Task statement: Exactly the lines from the one containing "The Fire Data Initiative" through the end of the records must be reproduced; leave out all pictures.
[Opening Supplied data section]
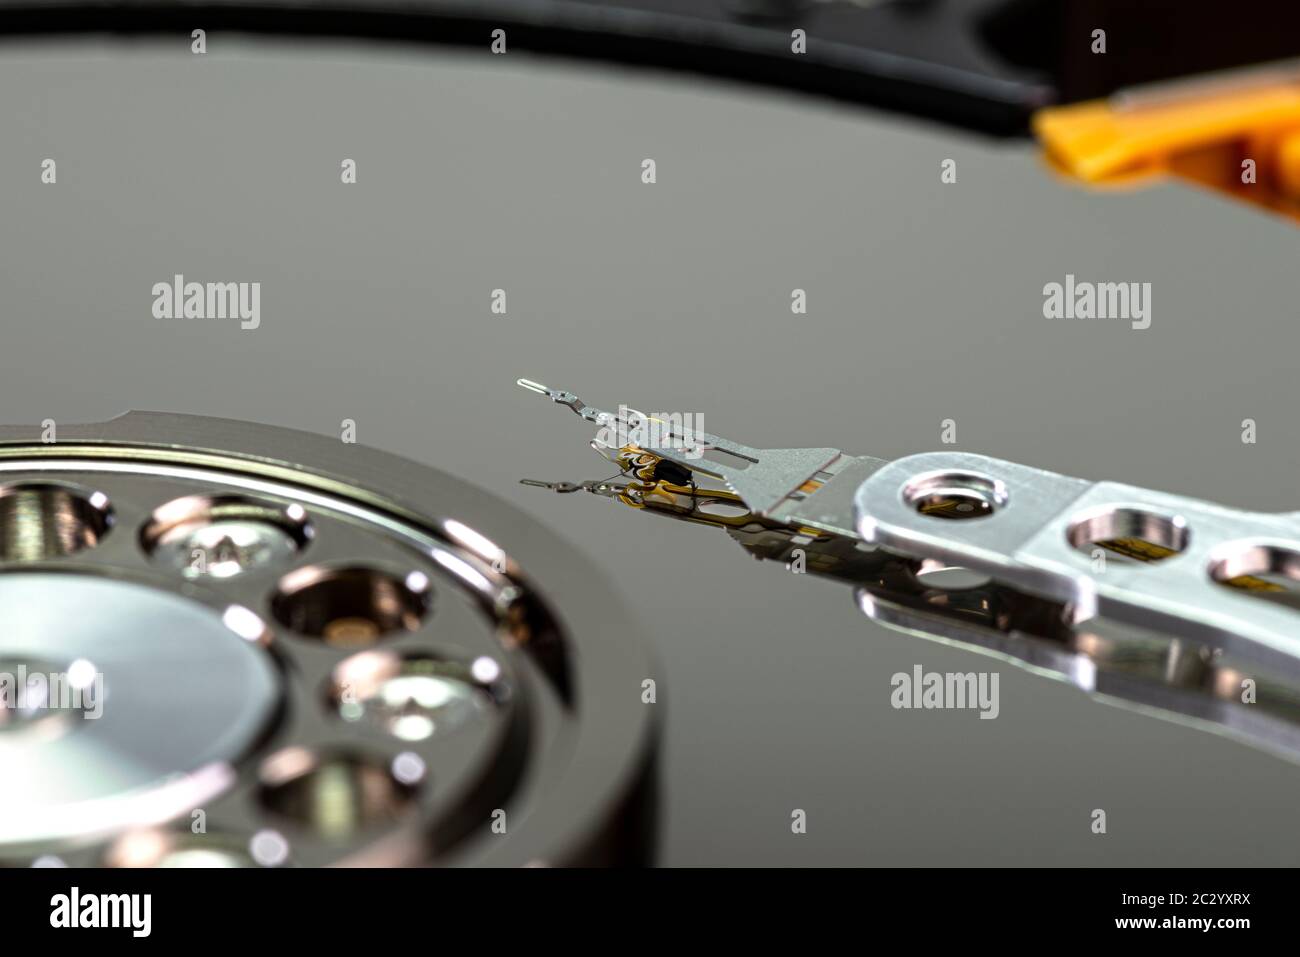 Macro-prise d'une aiguille magnétique sur un plateau de disque dur, disque dur ouvert, surface parfaitement propre. Banque D'Images
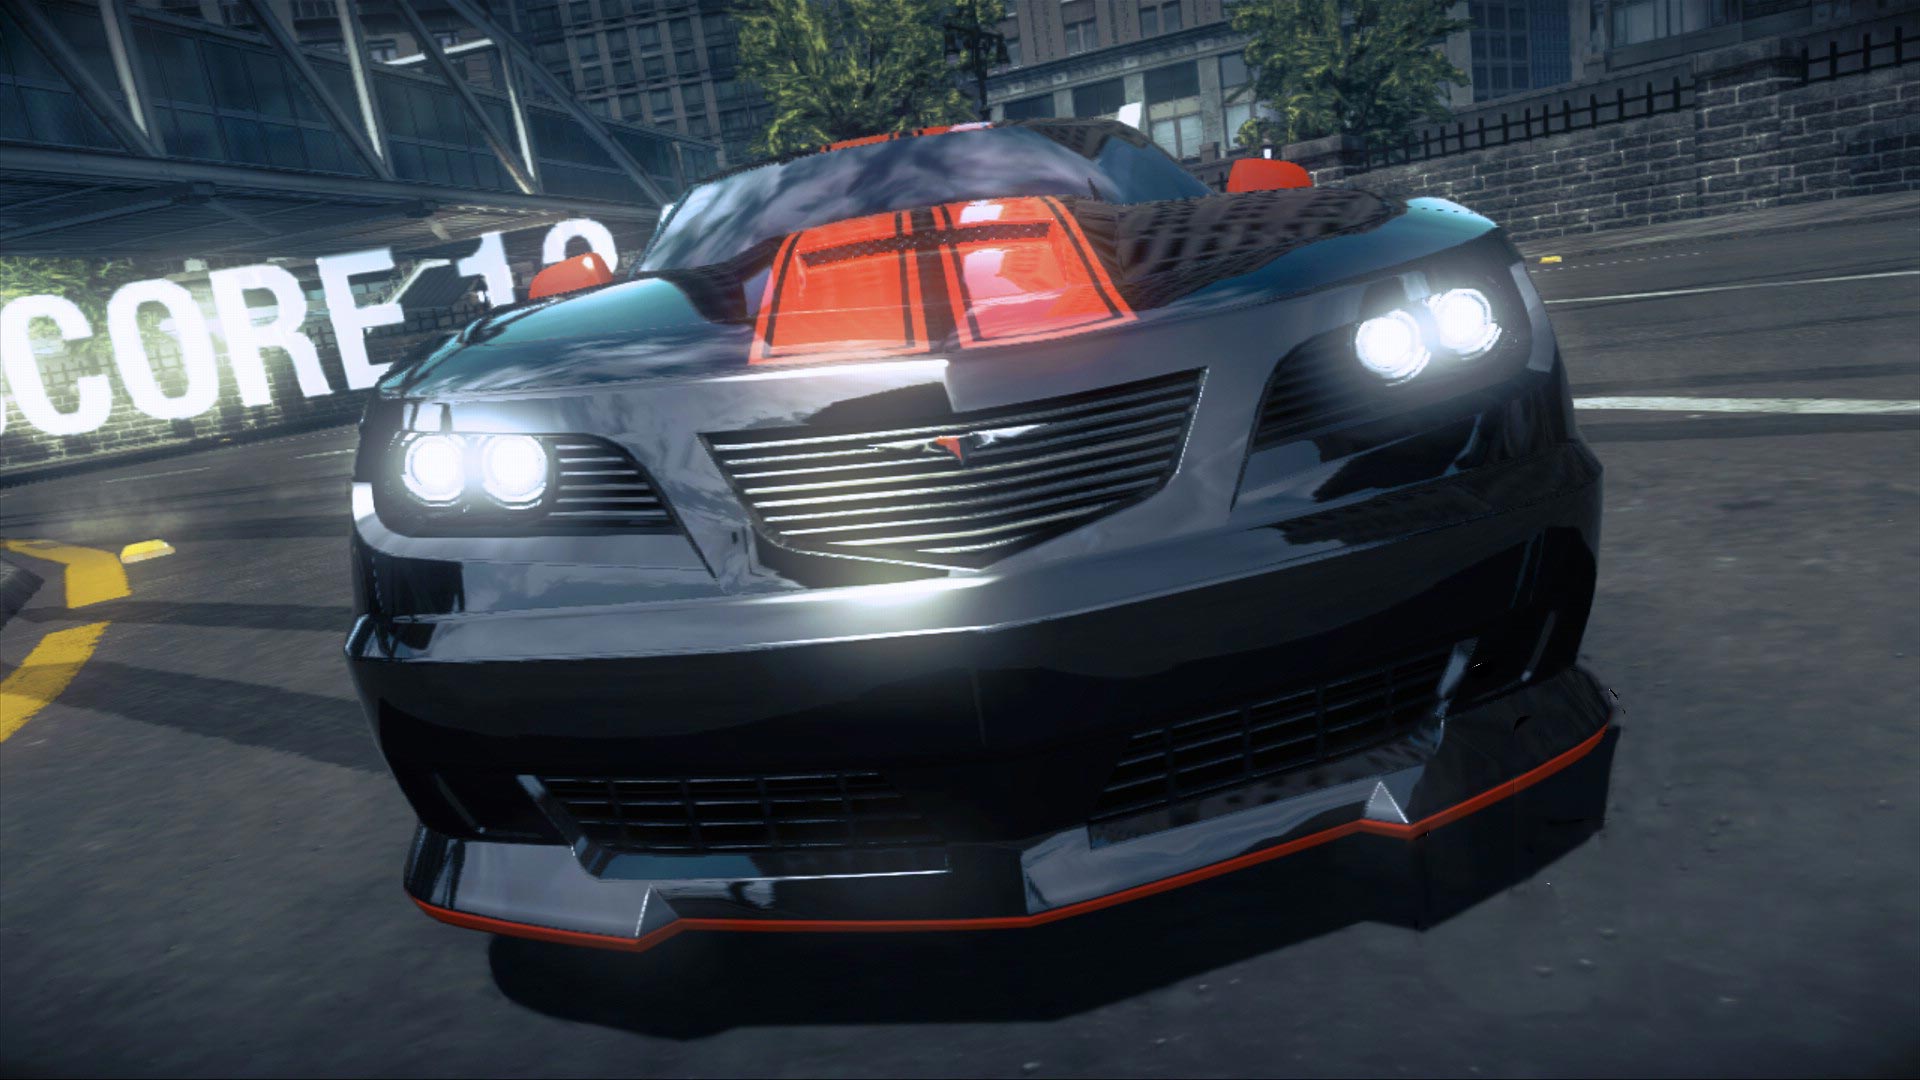 Ridge Racer'ın Gamescom görüntüleri (Galeri)
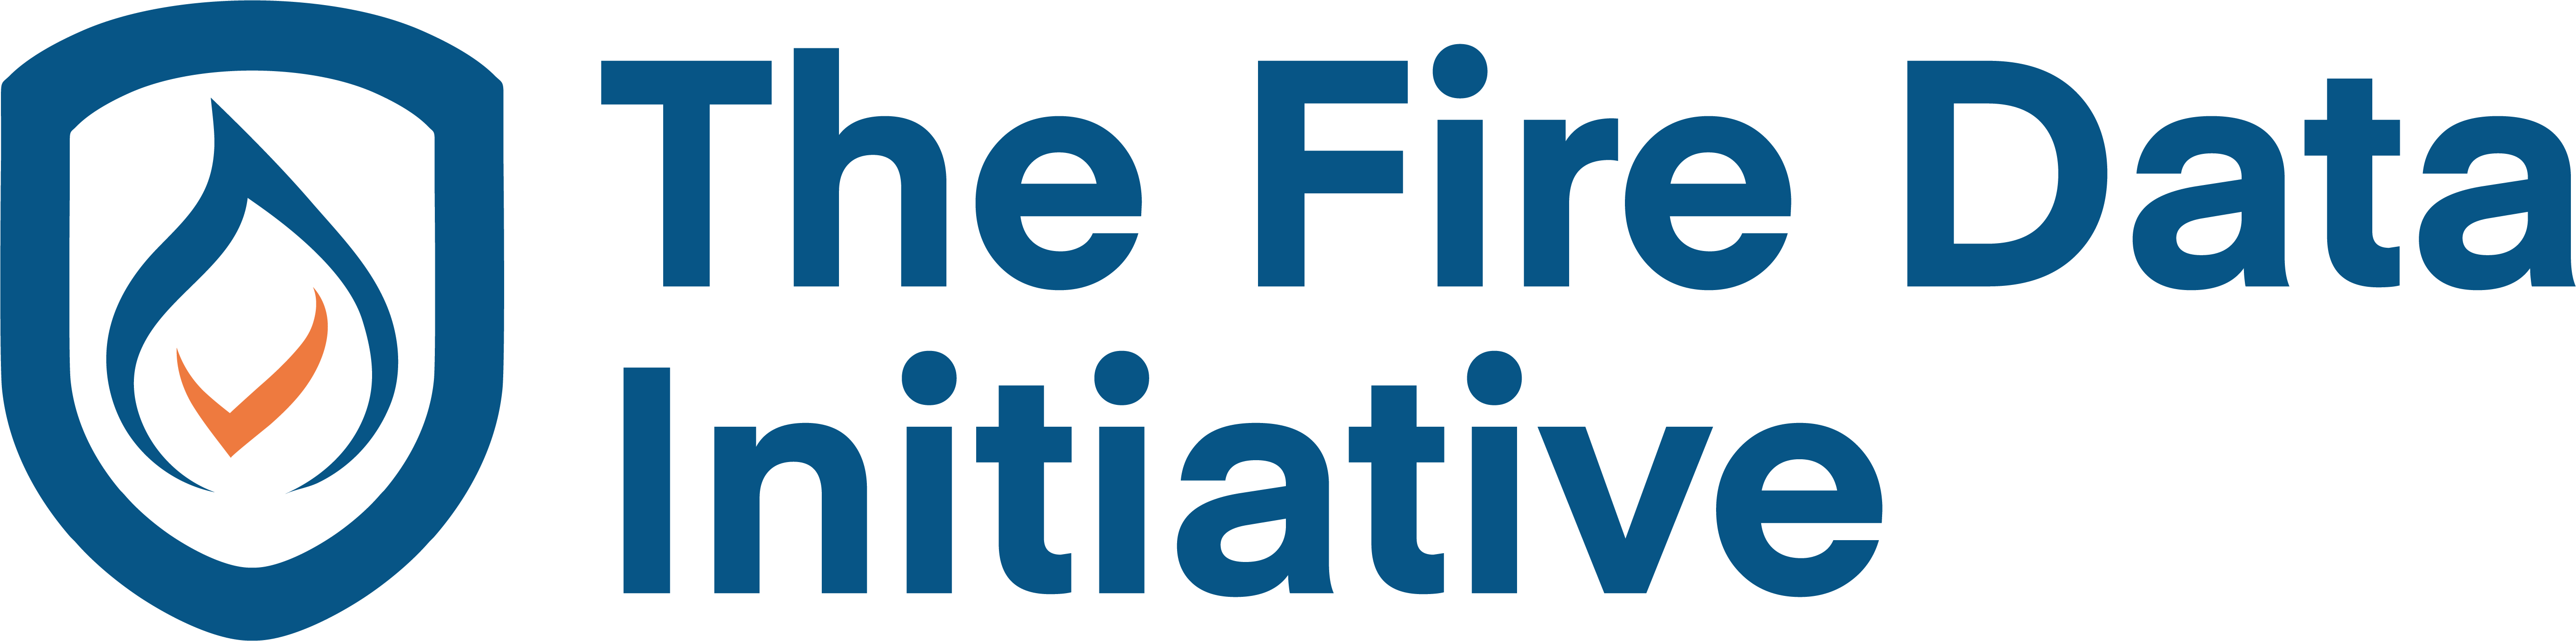 The Fire Data Initiative
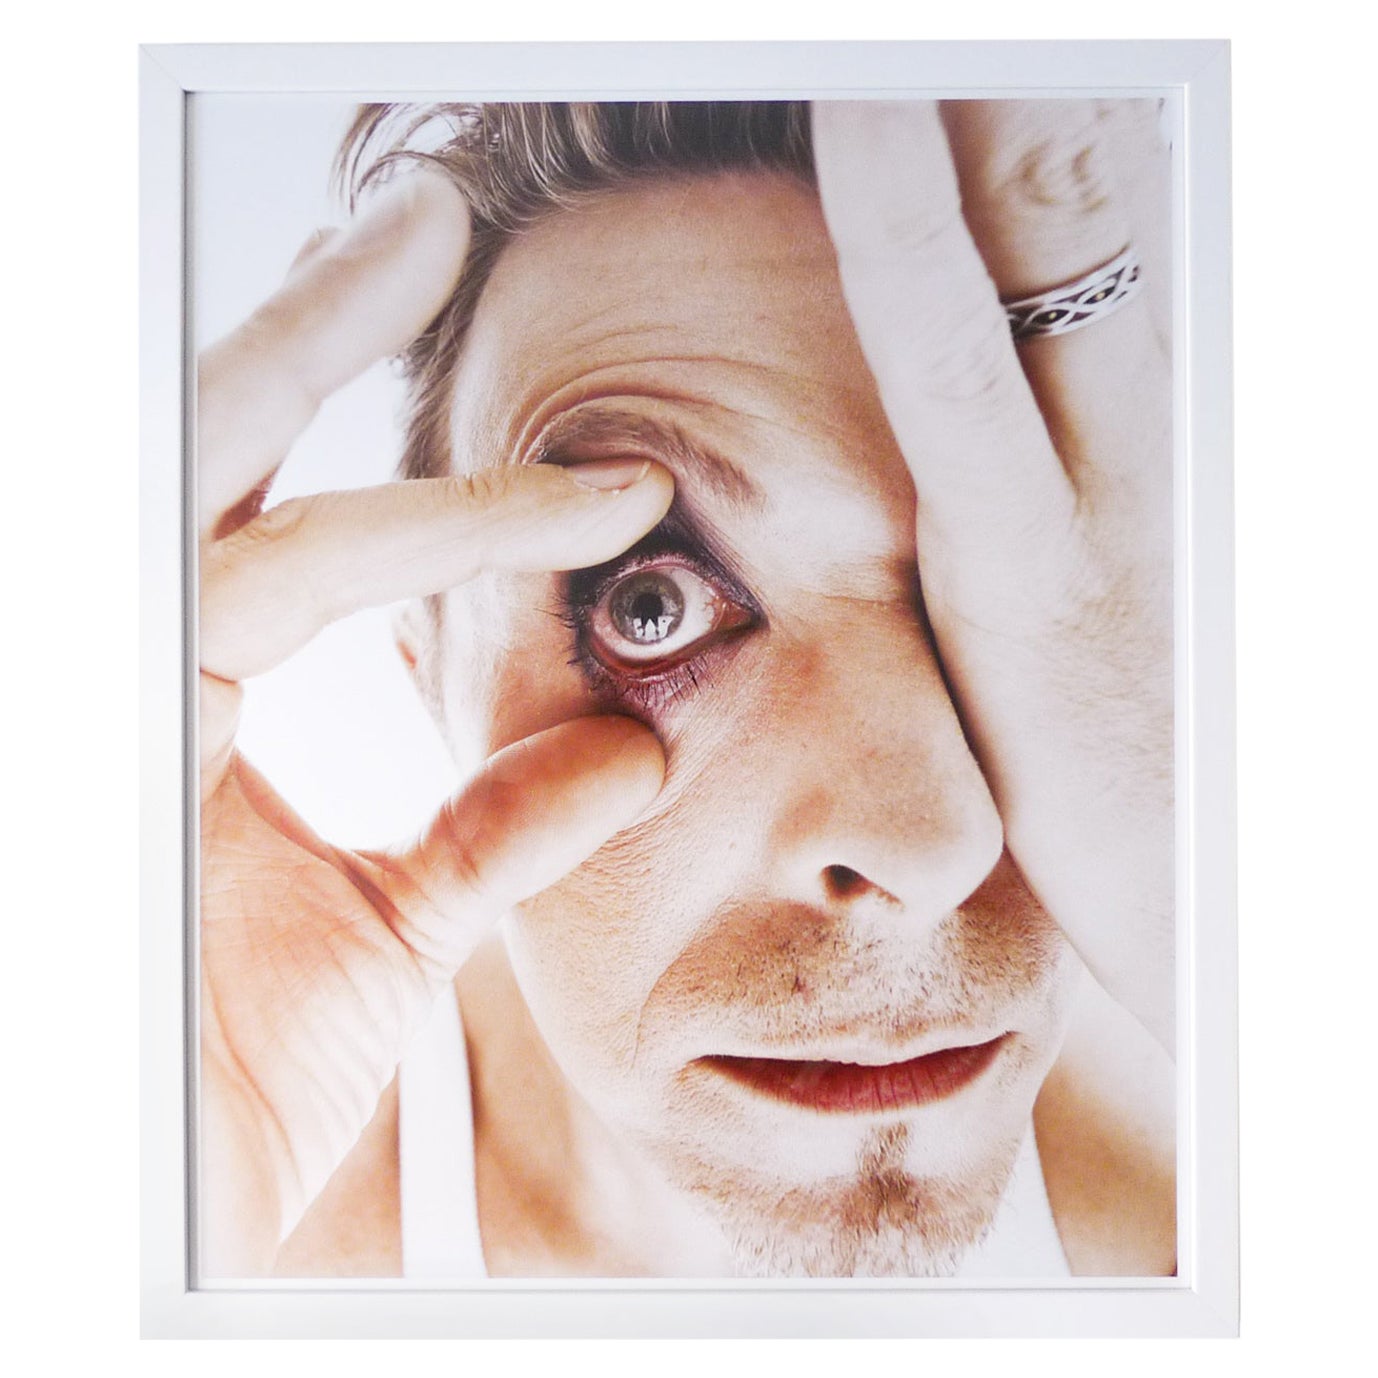 Limitierte Auflage Signiert Bowie's Eye"" Druck von Rankin, Dazed & Confused 1995
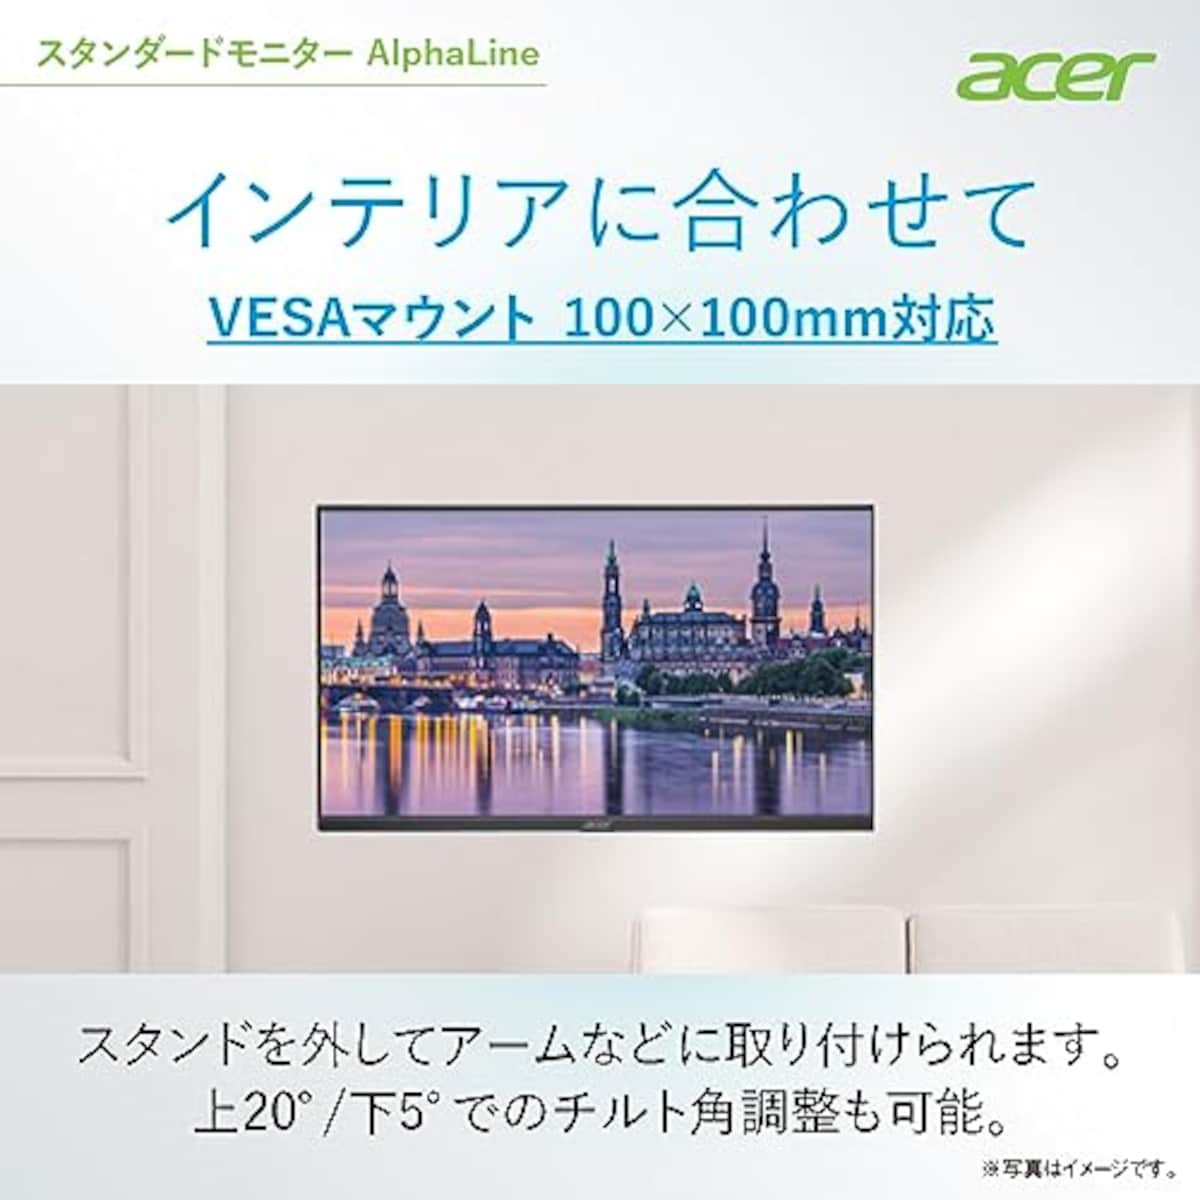  【Amazon.co.jp限定】日本エイサー Acer スタンダードモニター 27インチ IPS フルHD 100Hz 1ms スピーカー・ヘッドホン端子搭載 HDMI1.4 AMD FreeSync EK271Ebmix画像6
[Closing Supplied data section]
Exercise result:
 The Fire Data Initiative
 Limitierte Auflage Signiert Bowie's Eye"" Druck von Rankin, Dazed & Confused 1995
  【Amazon.co.jp限定】日本エイサー Acer スタンダードモニター 27インチ IPS フルHD 100Hz 1ms スピーカー・ヘッドホン端子搭載 HDMI1.4 AMD FreeSync EK271Ebmix画像6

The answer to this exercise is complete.